The HTC numerical result 39.7 is from table 1 of their official HTC paper and also Refinemask. The paper Refinemask also uses 39.7 as the HTC-R101 result during comparison (Table 8). This is a little bit contradictory to your mentioned "HTC-R101 is even higher than refinemask", i.e. , why not reporting the "even higher" result more than 41.2 by HTC in the table 8 of refinemask paper? By default, when evaluating results on coco-testdev, most papers will follow the default training & evaluation setting in detecton2. I will further check the training schemes by these different methods as there are too much to care about, and update the arxiv content on this to make it more clear in the future. It's hard to check/train all these methods one by one, and there are various referred numerical results even for the same method in different papers. So sometimes I can just refer to the numerical numbers reported in the original official paper.

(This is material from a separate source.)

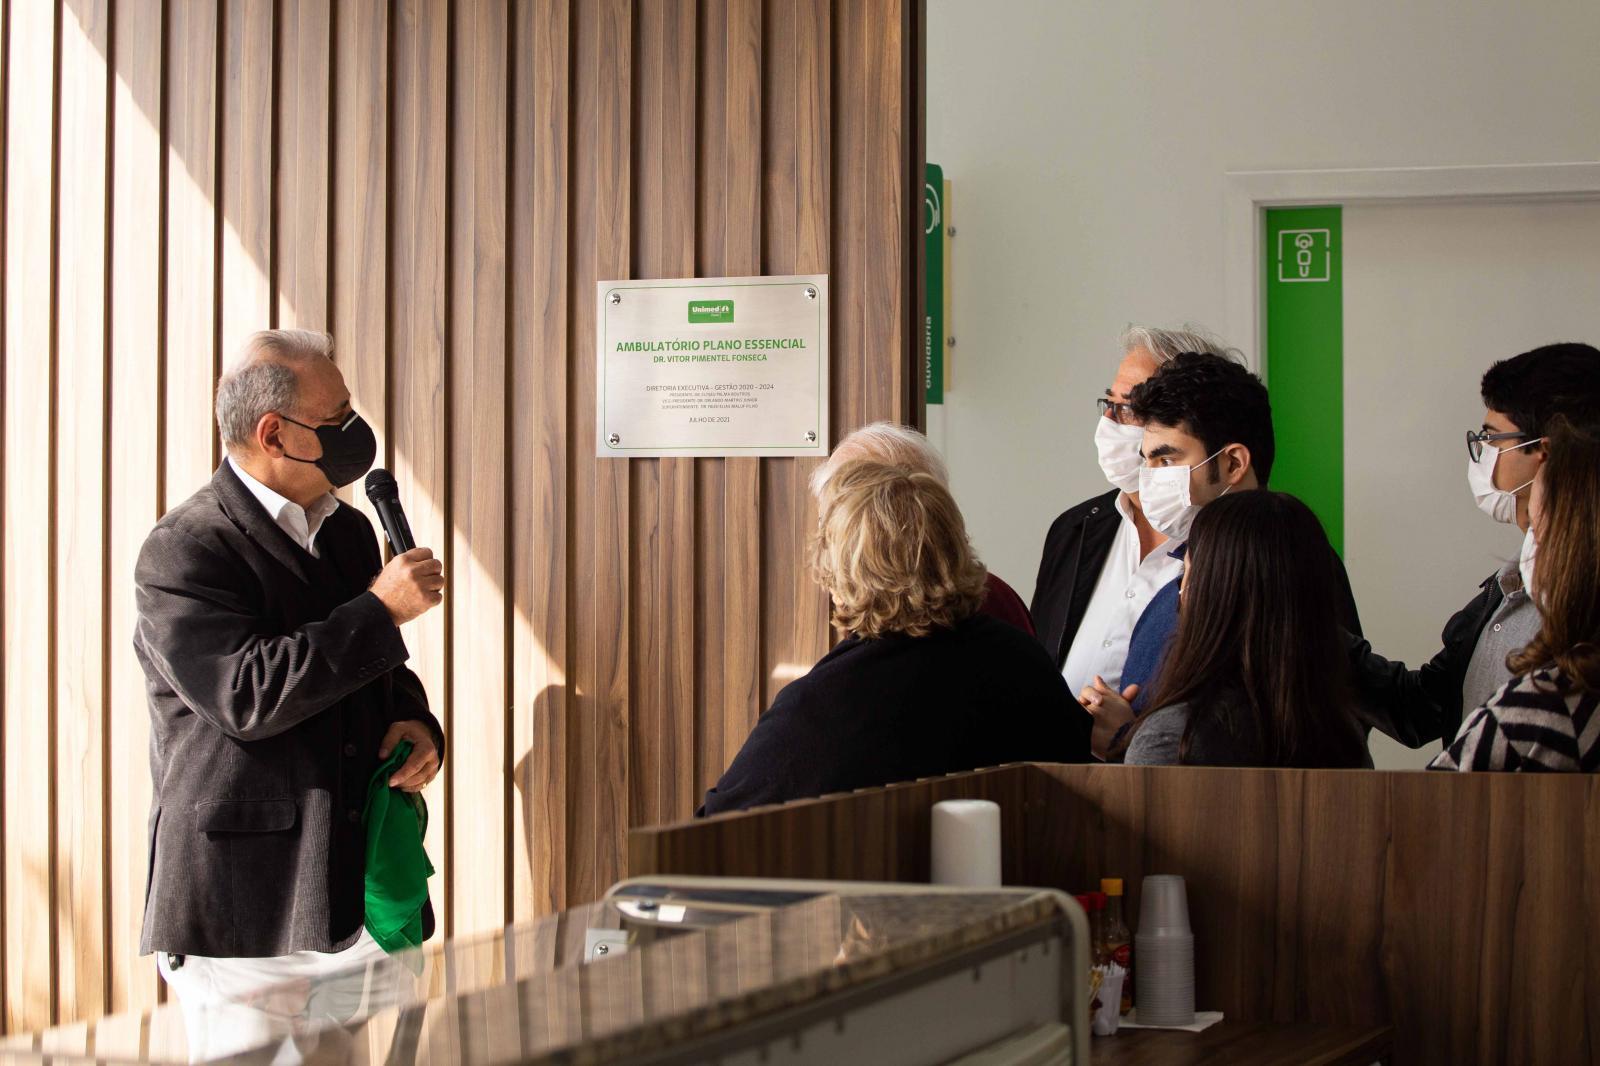 Unimed Assis inaugura Ambulatório do Plano Essencial

  1. In Table 8 of RefineMask, the authors compare both HTC and RefineMask under the same training setting (single scale training under the 2x training schedule, 38.6 vs 38.2 for R50-FPN, 39.7 vs 39.4 for R101-FPN, 41.3 vs 41.0 for X101-FPN). The authors also report the results of RefineMask trained with multi-scale jittering under the 3x training schedule, and they state that in the caption of Table 8.
  2. As your response, "It's hard to check/train all these methods one by one”, I don't think this is a good answer for the "unfair comparison" and the numerical errors in Table 9 of your paper.
  3. Before you give convinced response for comparisons in Table 9 of your paper, I do not think it is suitable to change the title of this issue.

Something to supplement, the 2x training schedule of HTC usually indicates 20 epochs, as the HTC will be overfitted training for 24 epochs with single scale input. This is consistent with the above statement when I first open this issue.

from transfiner.

Emiria96 avatar Emiria96 commented on May 26, 2024 6

I need to emphasize, the novelty of your paper has never been our focus. What we care about is the problem of unfair comparison and misreport shown in your paper. Please do not try to divert the discussion.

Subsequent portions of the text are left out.